Systems optimization of industrial nutrunners
In order to optimize motor systems deploying wide band-gap power semiconductors, accurate models for harmonic motor losses are required at the design stage.
Time: Mon 2017-03-27 12.15 - 15.00
Lecturer: Jonas Millinger, Ind. PhD Student, Atlas Copco / KTH, Stockholm
Location: Klassrummet, floor 7 at Osquldas väg 10, Stockholm (KTH main campus)

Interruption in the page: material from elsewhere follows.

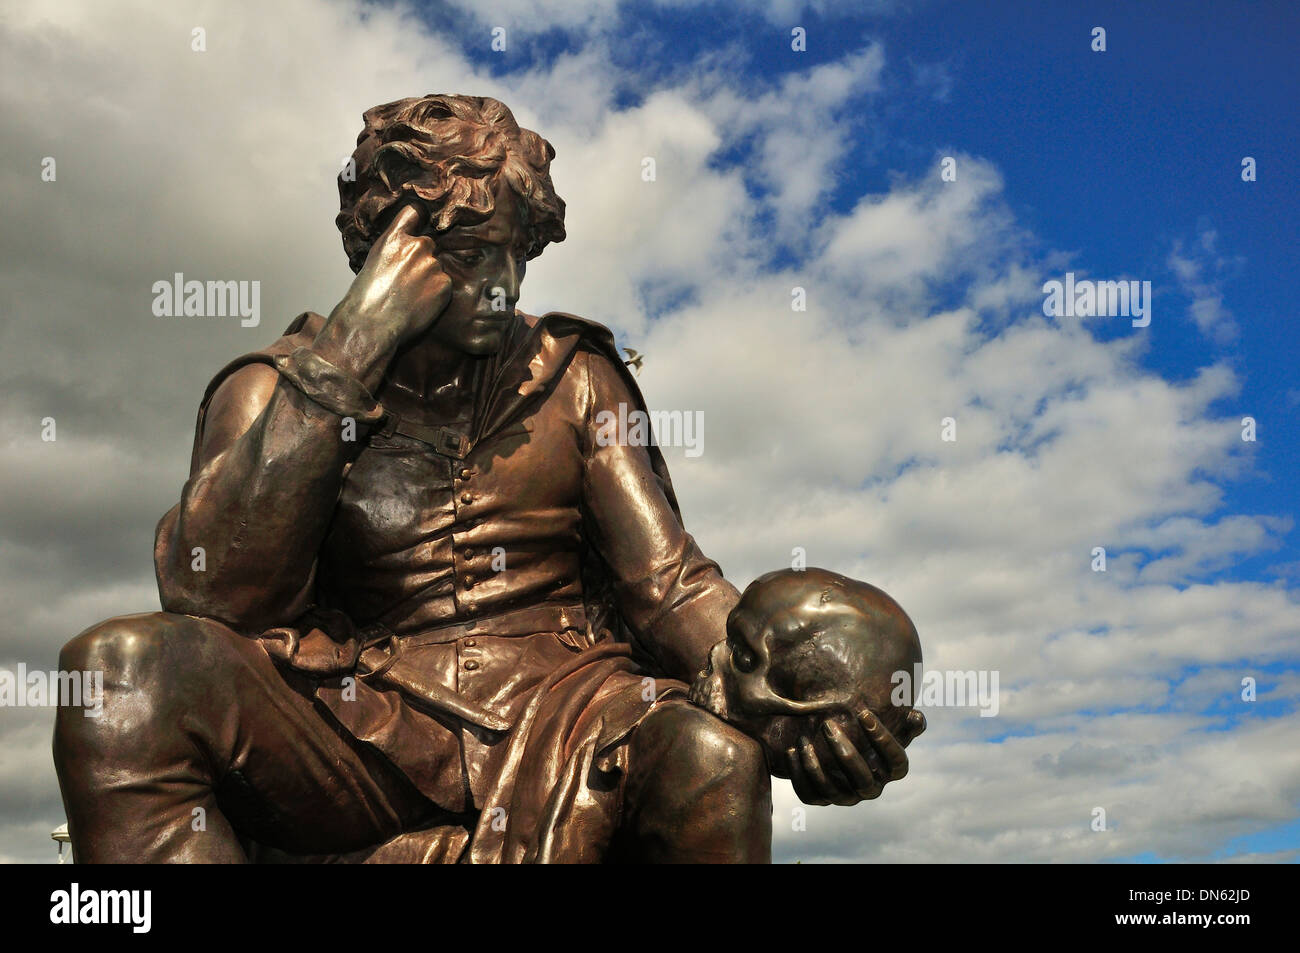 Statue de hameau, Stratford-upon-Avon, Warwickshire, Angleterre, Royaume-Uni Banque D'Images

Slotless high-speed electrical motors are preferred in applications with elevated demands on high efficiency and low weight, such as industrial hand tools. Industrial tools require accurate motor control, achieved by connection to a Pulse-Width Modulated (PWM) power electronic converter. In order to suppress the undesired additional harmonic losses due to PWM-supply, conventional high-voltage (300V<) nutrunner systems deploy a large inductive filter, making these systems bulky and complex. However, the recent emerge of wide band-gap power-devices such as silicon carbide (SiC) and gallium nitride (GaN) transistors enable 5-10 times higher switching frequencies than their conventional silicon-based counterparts. Higher switching frequencies reduce the harmonic losses which may eliminate the need for the inductive filter, enabling significantly smaller and less complex systems. In order to optimize motor systems deploying wide band-gap power semiconductors, accurate models for harmonic motor losses are required at the design stage. Within this project, such models are developed for a 2-pole slotless high-speed motor, with the ultimate purpose being systems optimization of industrial nutrunners.